It took archaeologists to reveal that he was thrown into the bog almost 2,400 years ago and was first hanged – a braided animal skin noose was still around his neck. The careful arrangement of body and face – his closed eyes and weak smile – suggested that he may have been killed as a human sacrifice, rather than executed as a criminal.
The suggestion that Tollund’s man was killed as a human sacrifice has now been reinforced by a study of the condemned man’s last frugal meal, made from a detailed investigation of the contents of his digestive tract: a porridge of barley, flax and pale persicaria.
The Tollund Man’s intestine content.
Pale persicaria seeds are the key to this Iron Age murder mystery, said archaeologist Nina Nielsen, head of research at the Danish Museum in Silkeborg and lead author of the study published Tuesday.
The plant grows wild among barley crops, but evidence from Iron Age grain storage shows that it was generally cleaned as a weed during threshing. This suggests that it was part of the “threshing waste” that was deliberately added to the porridge – possibly as part of a ritual meal for those condemned to die by human sacrifice.
“Was it just a regular meal? Or was the trash hype something you only included when people ate a ritual meal? Nielsen said. ” We do not know it. “
The contents of the preserved intestines of the Tollund man were examined soon after its discovery. But the new study refines that initial examination with much improved archaeological techniques and instruments.
The Tollund Man’s large intestine.
“In 1950, they were only looking at the well-preserved kernels and seeds, not the very fine fraction of the material,” Nielsen said. “But now we have better microscopes, better ways of analyzing material and new techniques. So that means we could get more information out of it. “
In addition to revealing the clue of threshing waste added to his last meal, the researchers found that it was probably cooked in a clay pot – pieces of overcooked crust can be seen in the tracks – and that it had also eaten fish. They also found he was suffering from several parasitic infections when he died, including tapeworms – likely from a regular diet of undercooked meat and contaminated water, Nielsen said.

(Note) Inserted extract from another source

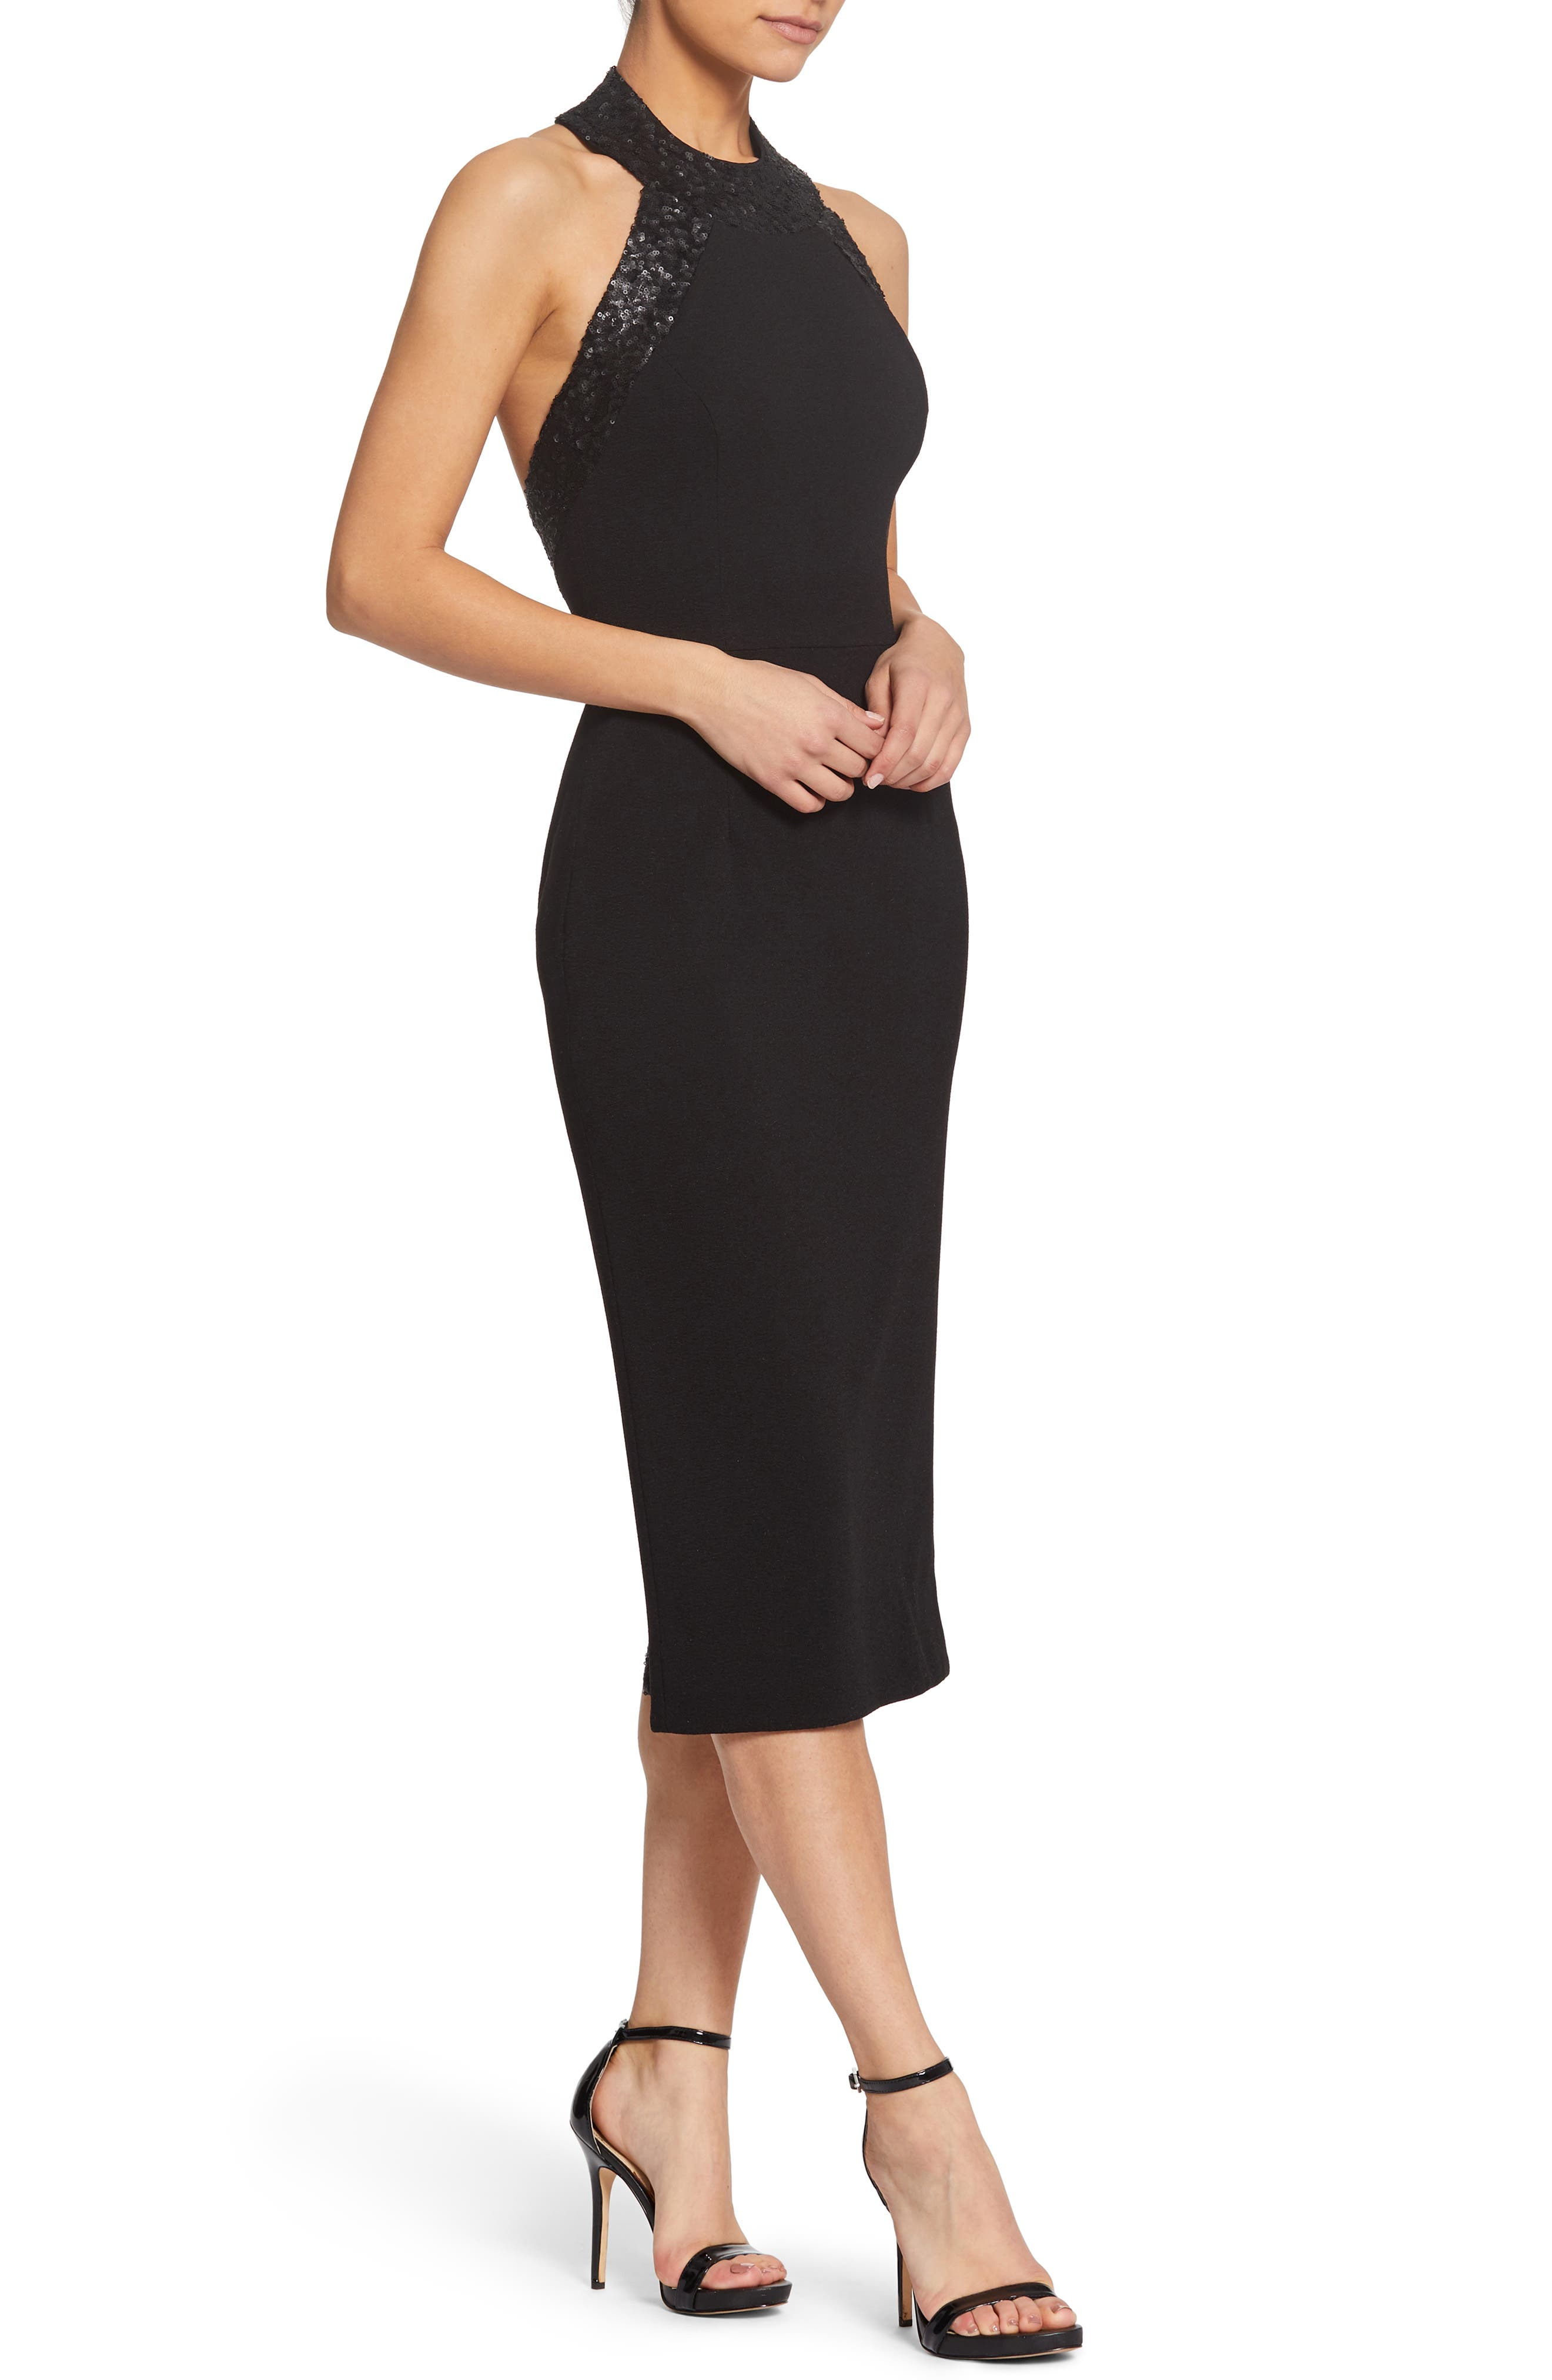 Cleo Halter Dress,                             Alternate thumbnail 4, color,                             BLACK/ BLACK

Tollund Man is one of dozens of Iron Age bog bodies around 2,500 to 1,500 years ago that have been discovered across northern Europe. They were mummified in peatlands by the low oxygen levels, low temperatures, and water made acidic by the layers of decaying vegetation, or peat, therein.
A few appear to have been victims of accidents, possibly people who drowned after falling into the water. But most, like the Tollund man, were killed and deliberately placed in the bogs, with their bodies and features carefully arranged. Archaeologists believe they were selected as human sacrifices, possibly to avert impending disaster like famine.
Miranda Aldhouse-Green, professor emeritus of history, archeology and religion at Cardiff University in the UK and author of the book ‘Bog Bodies Uncovered: Solving Europe’s Ancient Mystery’, said the seeds of pale persicaria and other traces of threshing waste in Tollund Man’s latest slurry are further evidence that he was sacrificed.
“It reinforces the idea that he was either humiliated by being given something disgusting and horrible to eat, or it actually reflected the fact that society was in a downward spiral where food was scarce,” she said. declared.
The idea that the victims of human sacrifices had somehow been “ashamed” before death was also reflected in their burials in bogs, instead of the usual burials in graves and dry graves, she said.
The preservative properties of peatlands were well known to people of the Iron Age – many archaeological objects from that era, including pieces of expensive pottery, were also deliberately deposited there – and it may be that the preservation of a bog body was intended to preserve it. to join his ancestors. The bogs were seen as gateways to another kingdom.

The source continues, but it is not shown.